The Trump administration's rollout of a sweeping new tariff policy shook stock markets in April and has continued to create uncertainty, although investor reaction has become more muted to each new development. The fear that tariffs will boost inflation and slow economic growth is likely to continue to affect markets in the second half of the year, until and unless there is more clarity on policy. We expect the Federal Reserve to cut short-term interest rates one or two times in the second half of the year.

Meanwhile, international stocks have outperformed U.S. stocks, and we continue to encourage investors to make sure they're appropriately diversified in this area. From a wealth management standpoint, while we're keeping an eye on the tax-and-spending bill making its way through Congress, we suggest investors consider tax-aware planning and investing strategies that may be beneficial no matter what happens in Washington.

U.S. stocks and economy: Under pressure

As we approach the midpoint of 2025, the U.S. economy faces many uncertainties, including the possibility that tariffs will raise inflation, that the tax-and-spending bill currently working its way through Congress will increase the federal debt, and signs that the labor market may be cooling.

In turn, with stocks currently near all-time highs, the bar is relatively high for the market in the second half of the year. It would be beneficial if tariff rates were to decline, the labor market stabilize and inflation remain under control, but predicting those events is extremely difficult. For now, investor sentiment and positive earnings growth remain supportive for stocks, but stretched valuations and the potential that tariff policy will slow economic growth are headwinds.
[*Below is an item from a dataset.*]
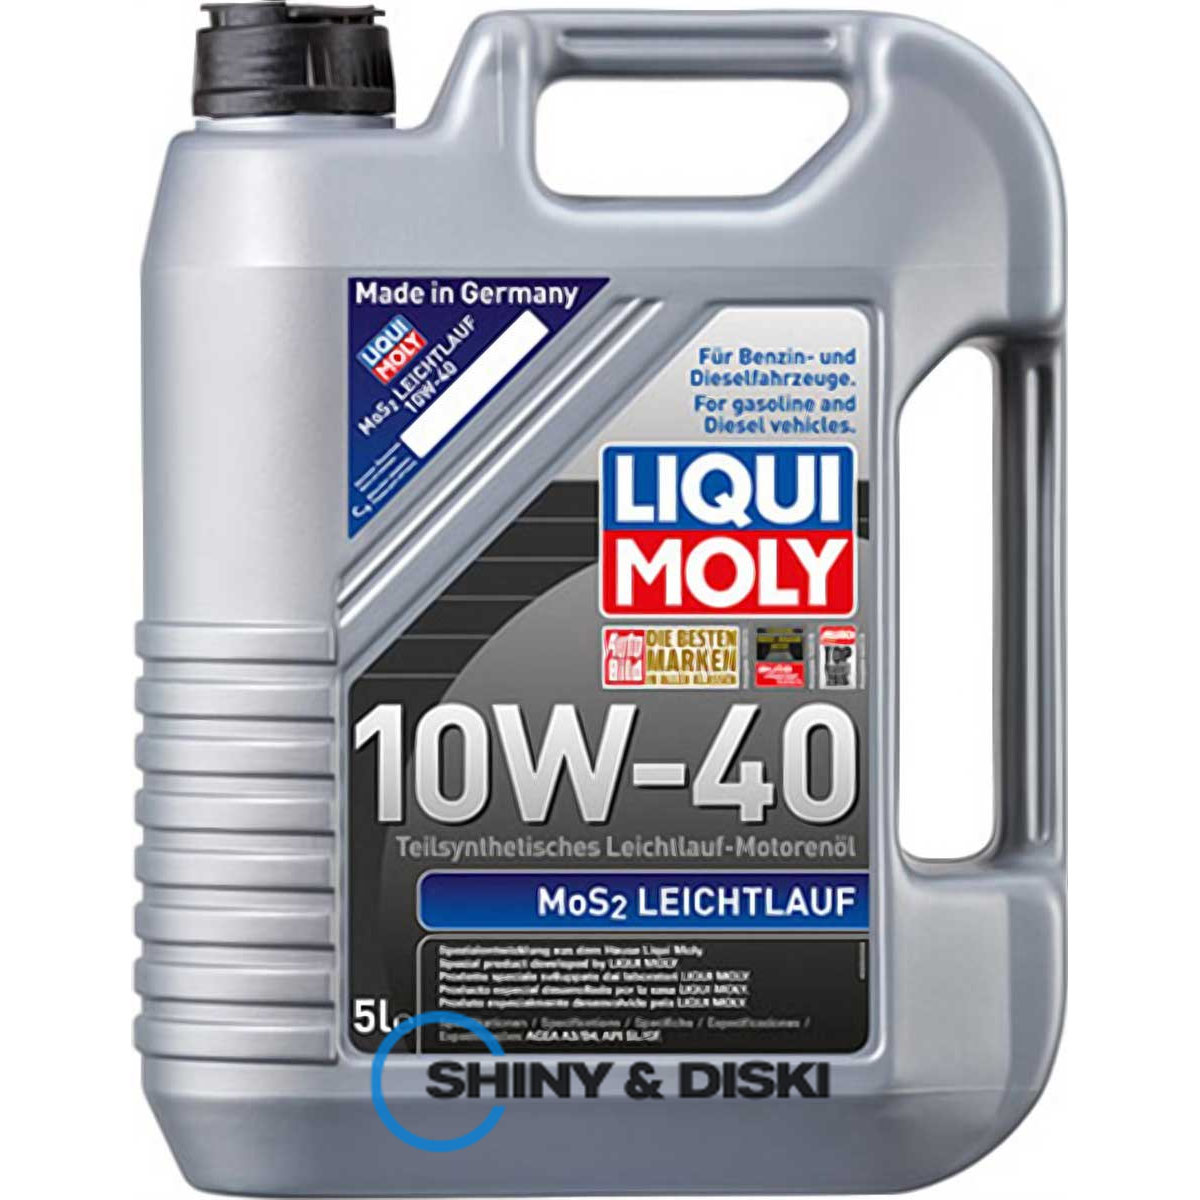 liqui moly mos2 leichtlauf 10w-40 (5л)

In early April, the Trump administration unveiled significant tariff increases—followed by subsequent escalations, de-escalations, delays, court decisions, and appeals. Trade negotiations with individual countries are ongoing. But as of this writing, the average effective tariff rate is more than 15%, the highest since the Great Depression in the 1930s.

Average tariffs are at the highest level since the Great Depression
Average Tariff graph

Tariffs may raise prices of certain goods or cut into profits for businesses that don't pass on the tariff cost to customers via price increases. Higher prices may lower consumer demand, which could slow economic growth.